The main purpose of this paper is to demonstrate that the LBM is a good alternative for computational hemodynamics. It is self evident that validation of a this new method against existing established methodologies (that is, using Navier-Stokes solvers) is an important step. We have drawn the Navier Stokes solution data for comparison from previous work by Jeays et al. [23]. We have chosen to focus our own efforts on demonstrating that the LB solver can reproduce the published Navier Stokes analysis by Jeays et al. [23] of a complex transient flow pattern in an arterial bifurcation, with the flow domain constructed from a medical image and the boundary conditions based on in vivo measurements. Some papers (e.g Ku et al [30], Ford et al. [31] have focused on the validation of Navier-Stokes solvers in the context of arterial flows, both by direct measurement in vivo and by measurement in anatomically-realistic experimental phantoms. In contrast, the emphasis in this manuscript is whether the numerical simulations produce an accurate solution of the problem posed. It is very well established that the most important determinant of any arterial flow, particularly in terms of the important local features such as flow separations, is the geometry. The whole point of the current work is to demonstrate that these local details are comparable between the LB solver and an established Navier Stokes solver. This paper confirms that the LBM represents a viable alternative to the Navier Stokes solvers for complex transient flow, in this case in an arterial bifurcation. It was quite remarkable that LBM stayed stable for such large Re = 3300 numbers. As for the computational expenses, LBM is less memory consuming and reported (see ref. [20]) to have computational times comparable to the FEM. With the modified simulator (see ref. [32]) we expect LBM to perform even faster.
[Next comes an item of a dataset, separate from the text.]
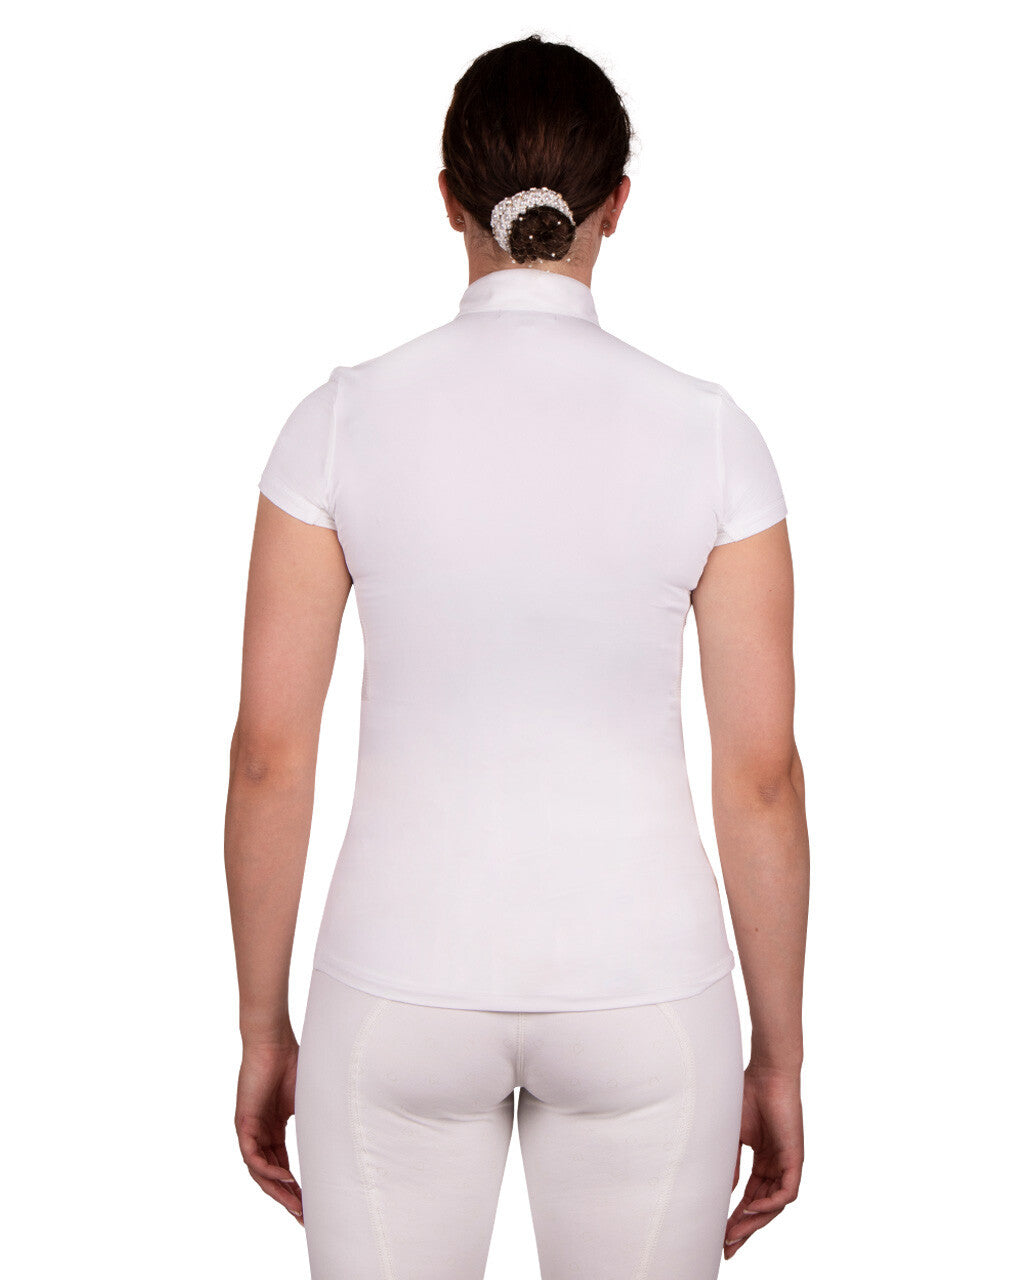 QHP Celesta Competition Shirt - White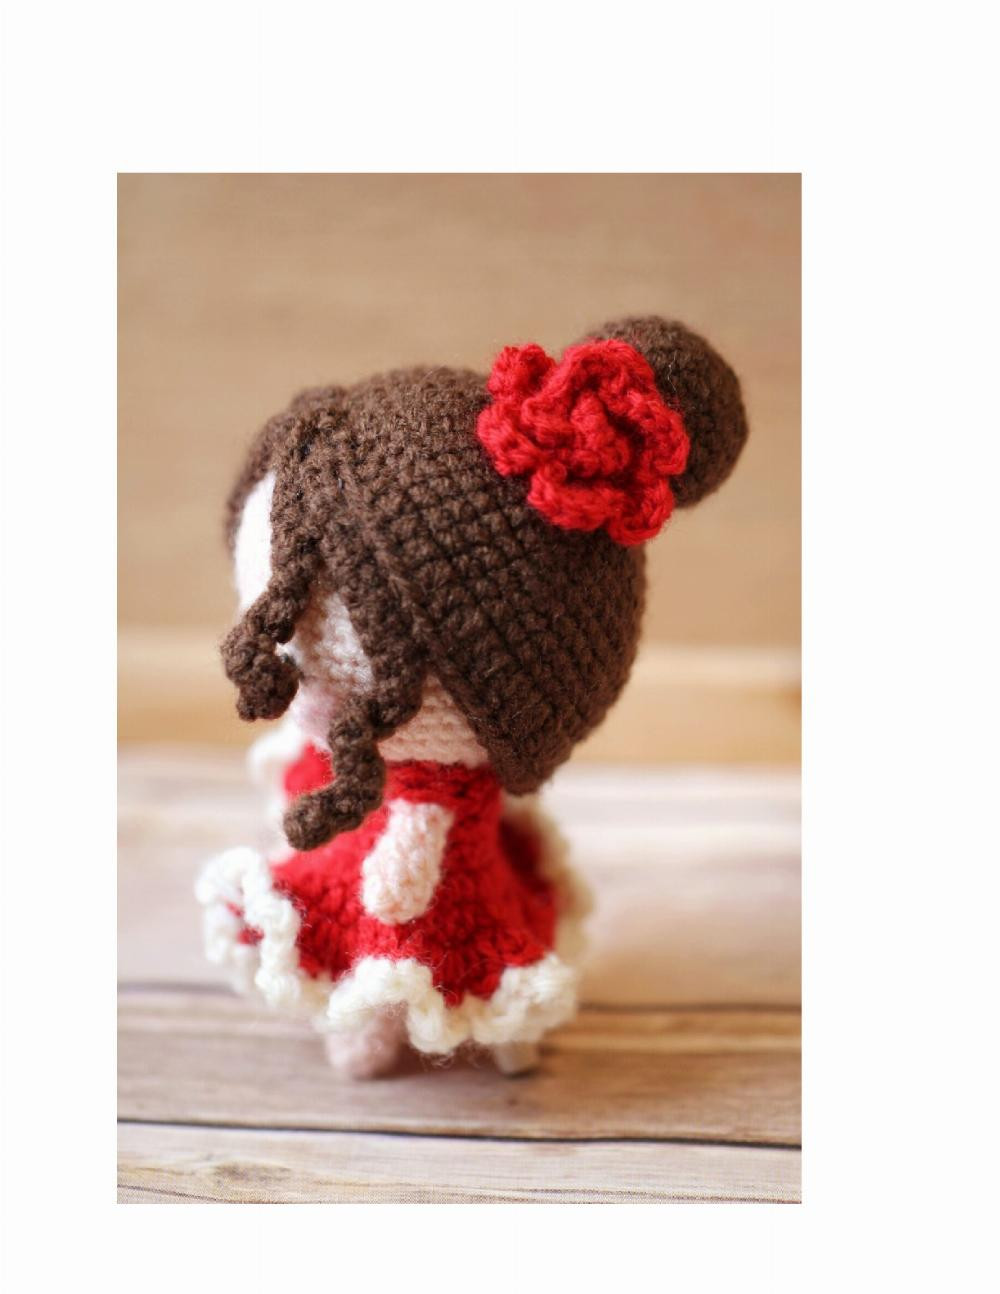 Carmen the Mini Doll crochet pattern

With the increasing interest in using LBM for computational hemodynamics [15, 17, 18] this study shows that LBM can be considered to be an alternative as a solver for computational hemodynamics, producing results of equal quality to Navier Stokes solvers.

Another main difference between both methods lies in the mesh generation, which for LBM is obviously much easier. Moreover, suggested by Bernsdorf in his thesis [33], the LBM seems to be very well suited for the use in multiphysics models, for instance in blood clotting studies [34].